- [Task to carry out]
The output should be the listing below, limited to the lines from the one with "drei grüne tomaten auf weißem hintergrund" through the one with "9 Precios de", exact and without pictures.

- [Input material]
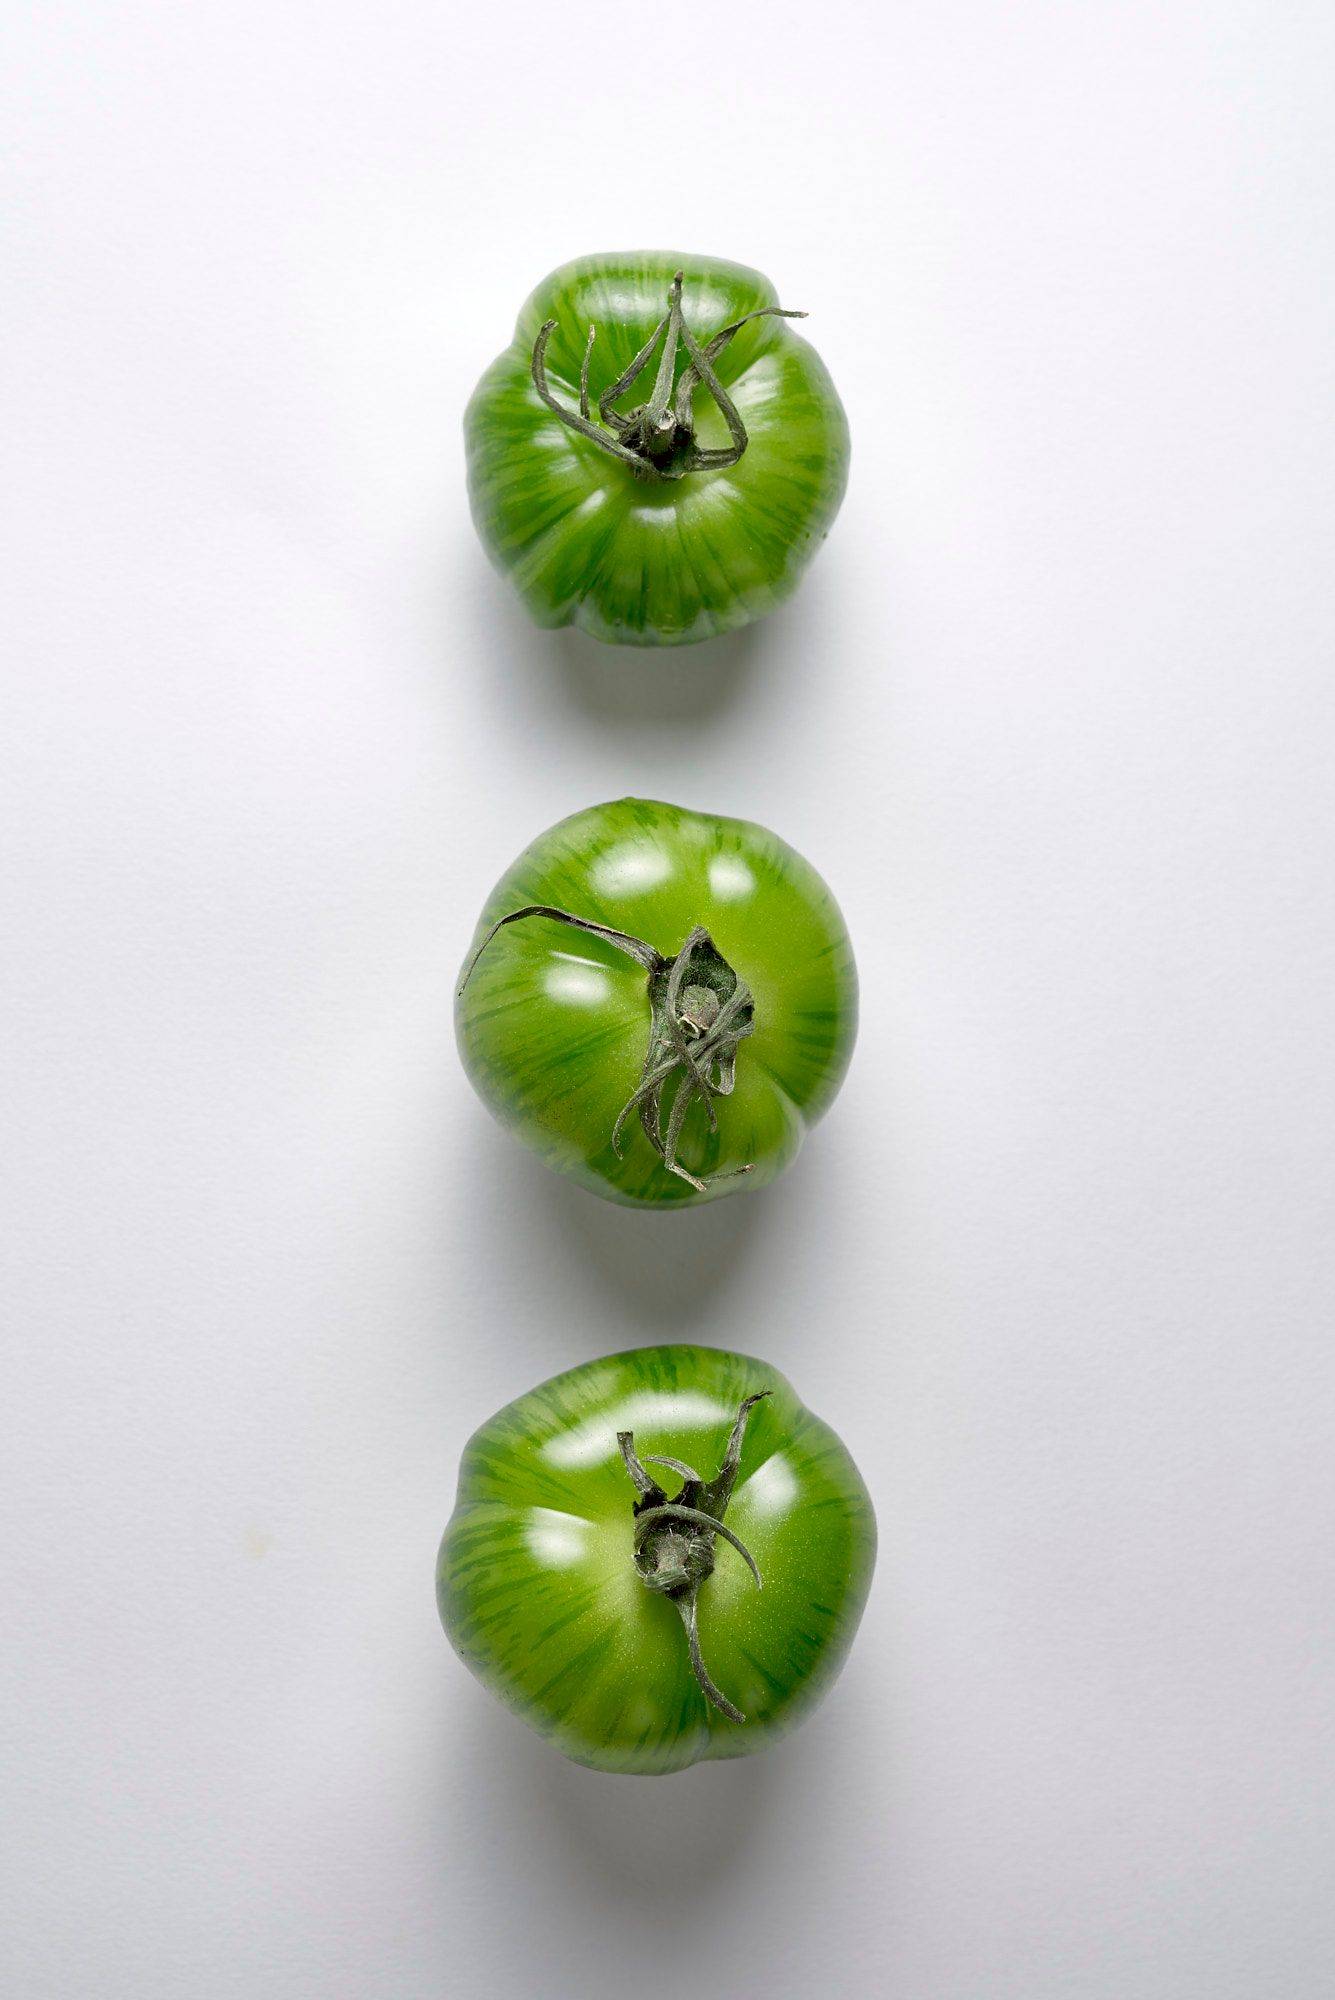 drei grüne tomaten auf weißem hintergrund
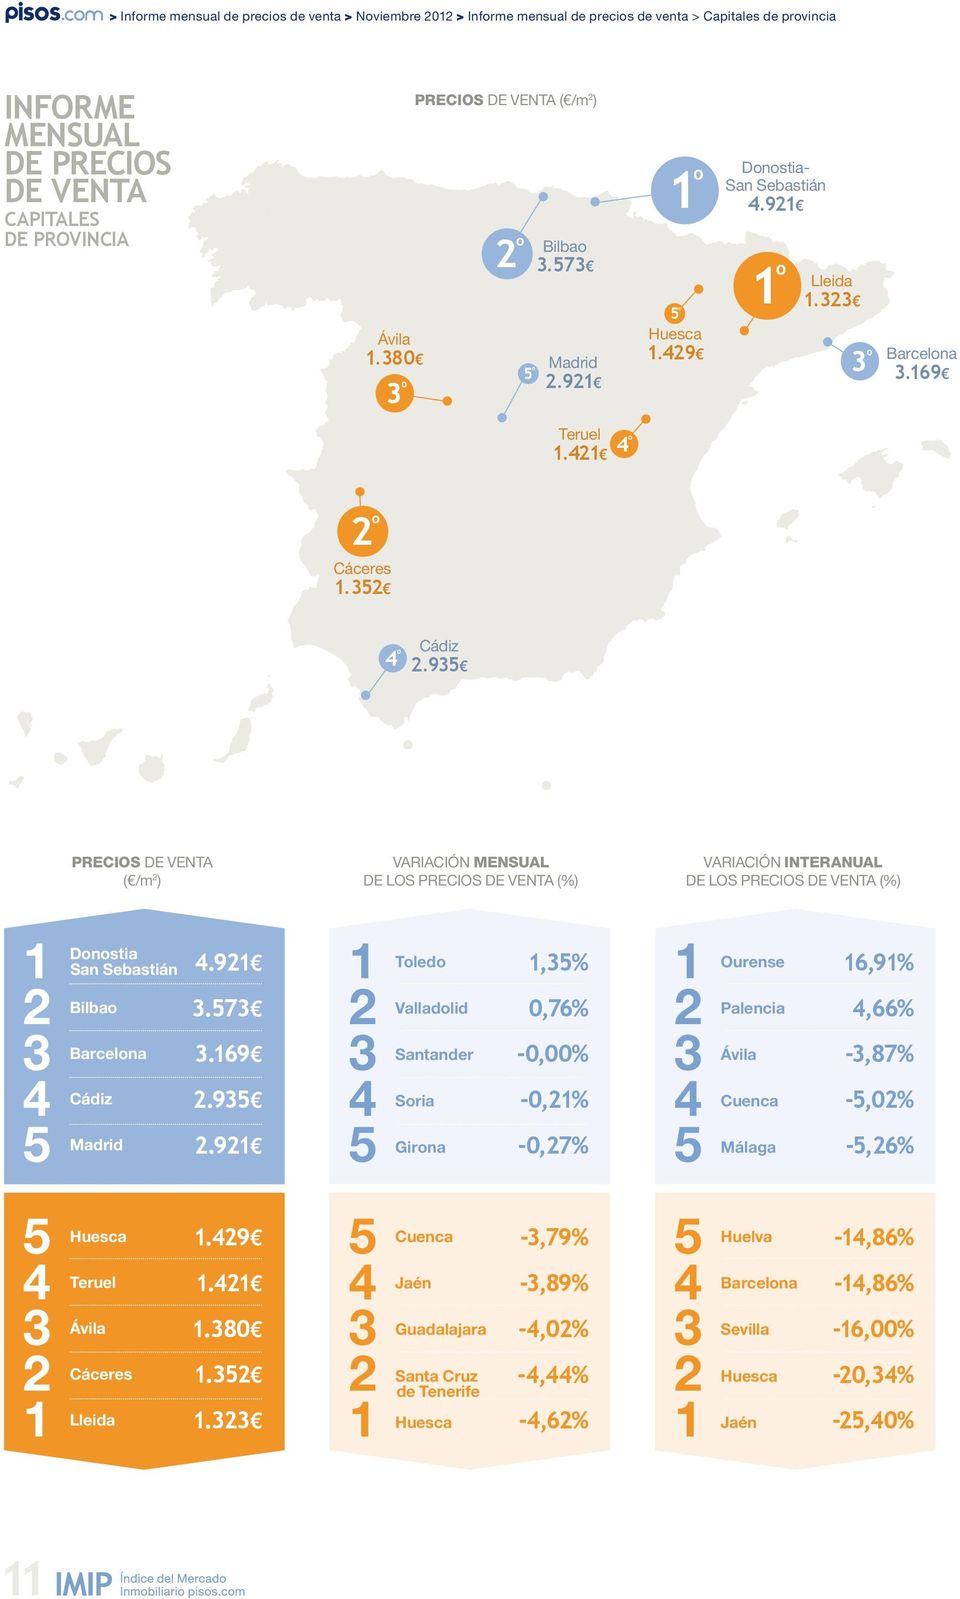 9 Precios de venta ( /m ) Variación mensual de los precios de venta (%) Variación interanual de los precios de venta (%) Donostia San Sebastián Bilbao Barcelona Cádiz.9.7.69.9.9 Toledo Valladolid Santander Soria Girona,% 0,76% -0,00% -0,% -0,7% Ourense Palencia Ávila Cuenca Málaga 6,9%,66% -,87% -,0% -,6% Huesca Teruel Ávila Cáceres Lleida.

---

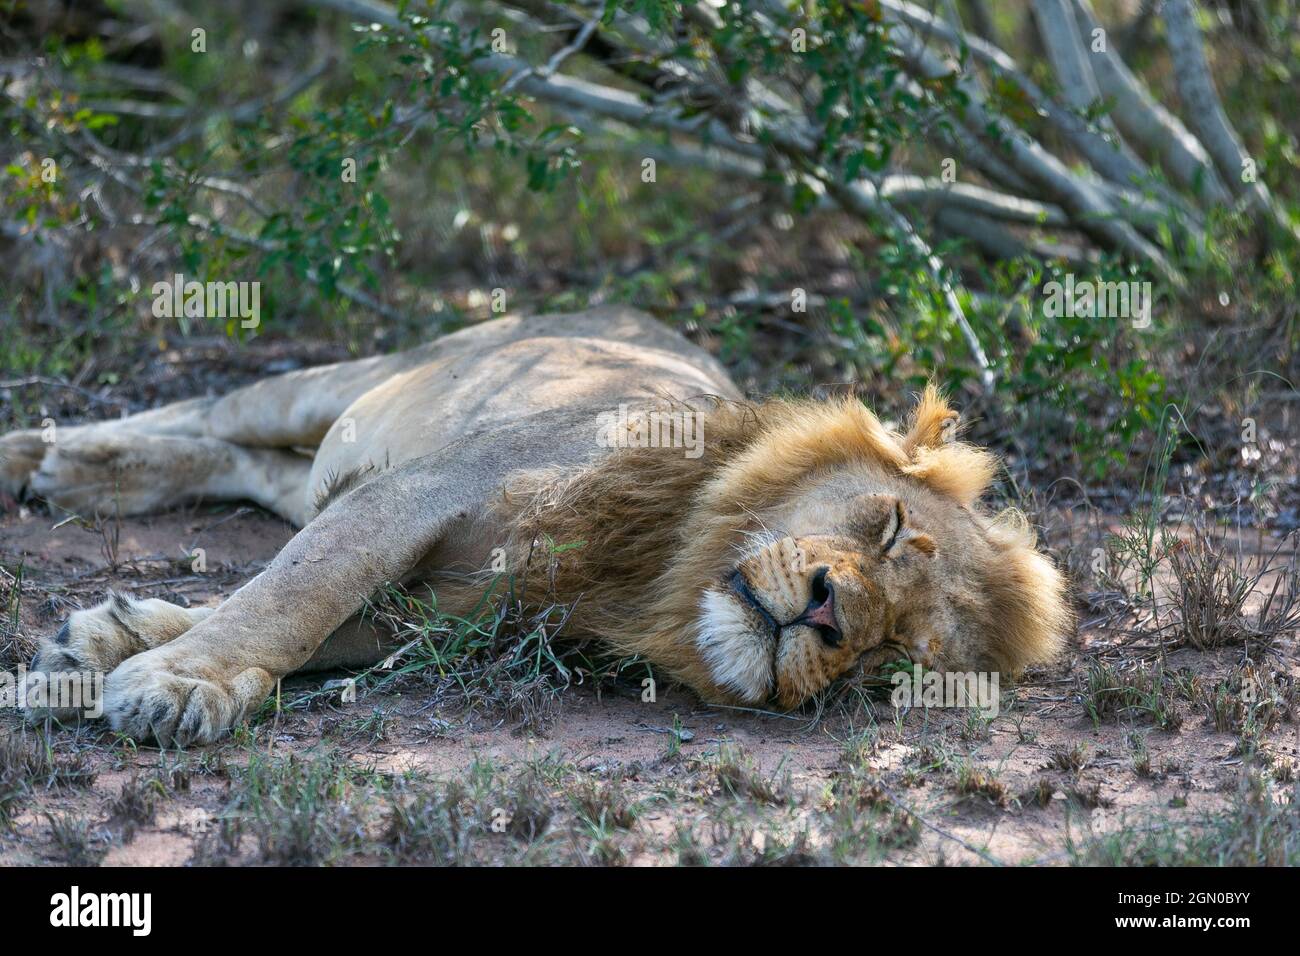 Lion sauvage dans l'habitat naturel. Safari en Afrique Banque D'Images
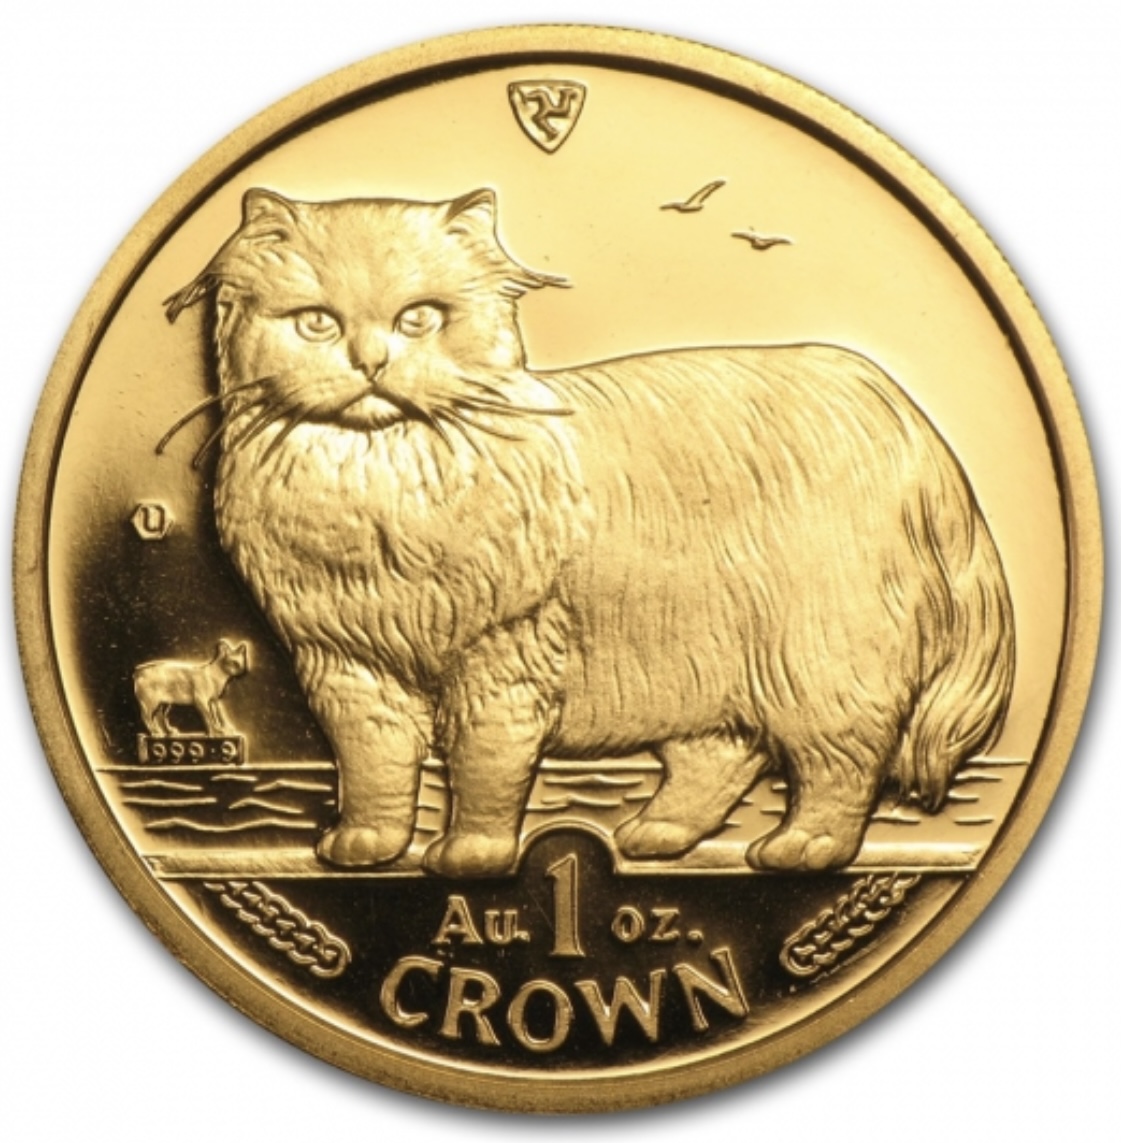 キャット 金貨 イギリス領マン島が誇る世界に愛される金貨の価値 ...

- [Answer to this task]
 drei grüne tomaten auf weißem hintergrund
 9 Precios de venta ( /m ) Variación mensual de los precios de venta (%) Variación interanual de los precios de venta (%) Donostia San Sebastián Bilbao Barcelona Cádiz.9.7.69.9.9 Toledo Valladolid Santander Soria Girona,% 0,76% -0,00% -0,% -0,7% Ourense Palencia Ávila Cuenca Málaga 6,9%,66% -,87% -,0% -,6% Huesca Teruel Ávila Cáceres Lleida.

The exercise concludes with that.